Another type of trust differs from a living trust in that it is created when the testator dies. A testamentary trust is created through the Last Will and Testament of the testator. This type of trust is created from proceeds of the estate, often from a life insurance policy or other financial account. 

A trustee is generally appointed to manage the trust. A testamentary trust is often created to care for minor children or loved ones with disabilities. The testator is able to set the terms of the trust, including the expected expiration date. 

Setting Up Your Living Trust

A living trust is initially set up with a legally binding document that lays out the instructions for the trust. It also states the appointed executor and chosen beneficiaries. An advantage of a trust is it can be handled privately without going through the probate court.

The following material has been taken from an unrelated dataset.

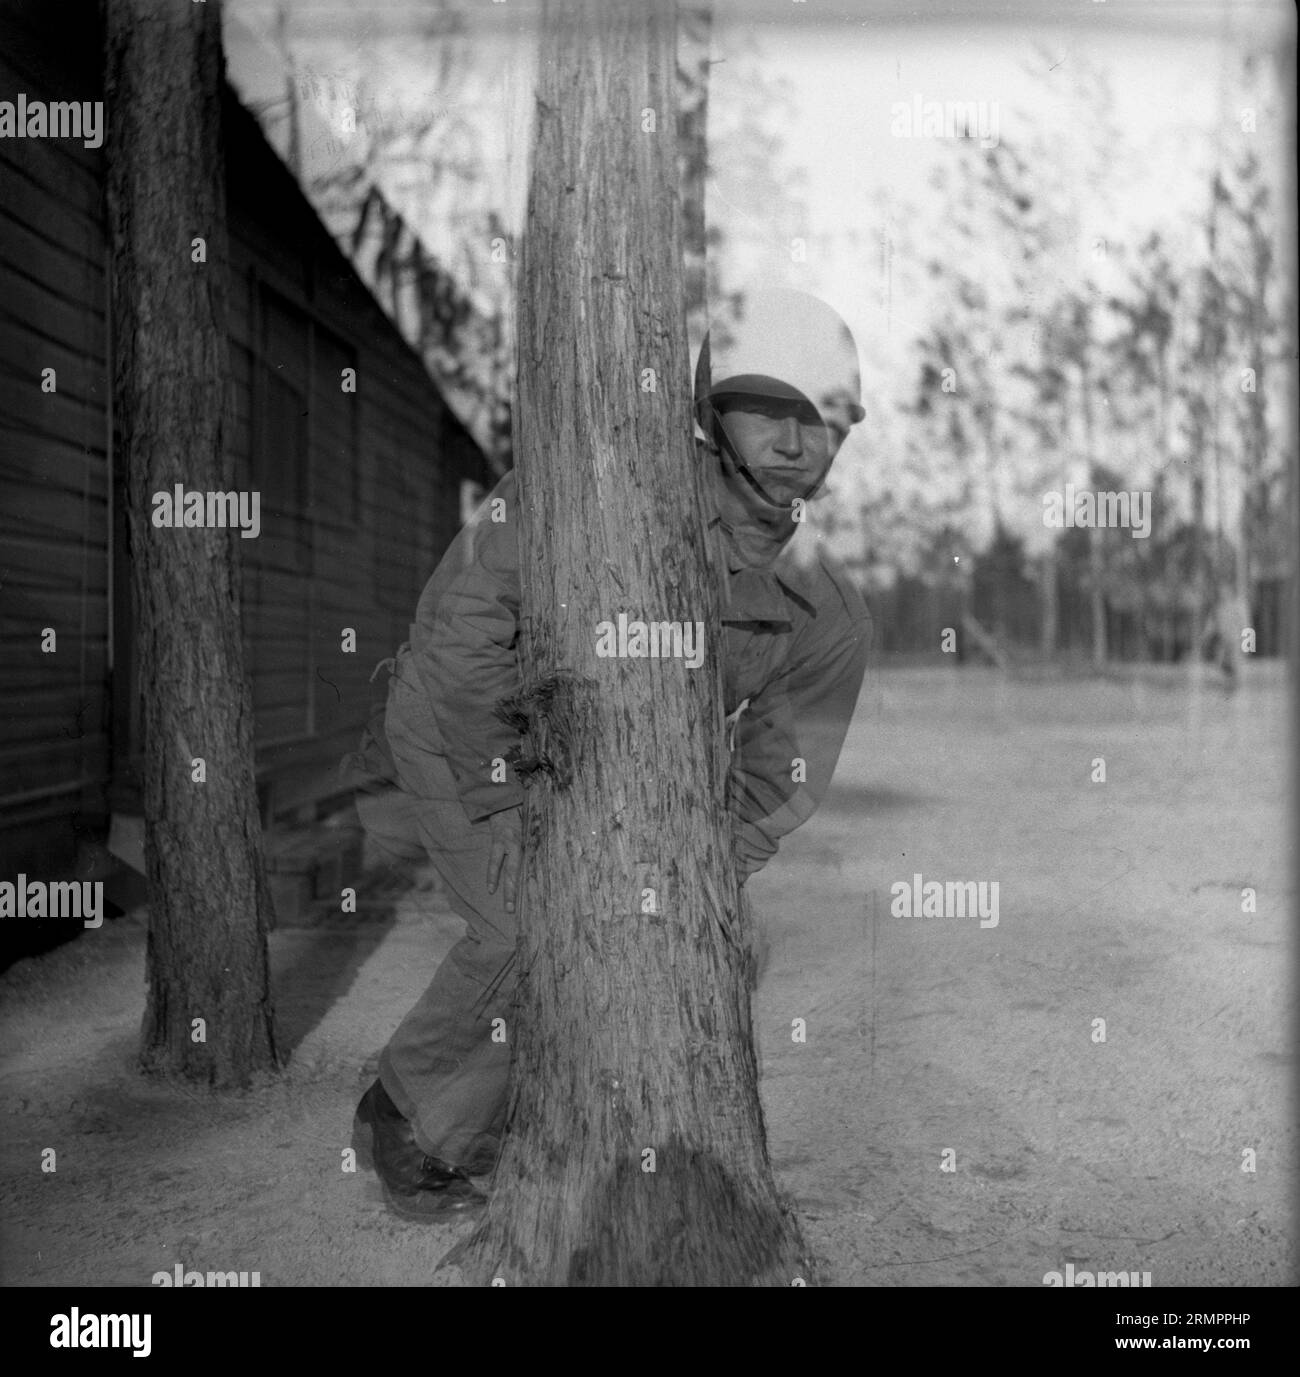 Doppelbelichtungsbild des Soldaten, der mit dem Fotografen Versteck spielt. Mitglieder der 114. Infanteriedivision der US-Armee trainieren im Zweiten Weltkrieg gegen Deutschland in Europa. Stockfoto

You can hire an attorney to draft the paperwork, however, you are also able to create the documentation for a living trust on your own. To be legally valid, you must sign the document in the presence of a notary public. 

Funding Your Living Trust

Once you have set up a trust, the next step is to “fund” it. Here is how to take the next step correctly: 

  • You must retitle any property intended to be part of the trust. Transfer the title from your name into the name of the trust.
  • To transfer assets from a financial account or insurance policy, you need to change the beneficiary to the trust itself. 

Revoking Your Living Trust

If you have chosen to set up a revocable living trust, you do have the option to revoke the trust at any time. As long as you are still alive and mentally capable of making the decision, you can make the necessary changes.

To revoke the trust, you need to remove the assets and property from the trust by changing the beneficiary and title holder to you or whoever you choose. After that step has been completed, you need to sign and notarize documentation (Revocation of Living Trust) to legally close the trust.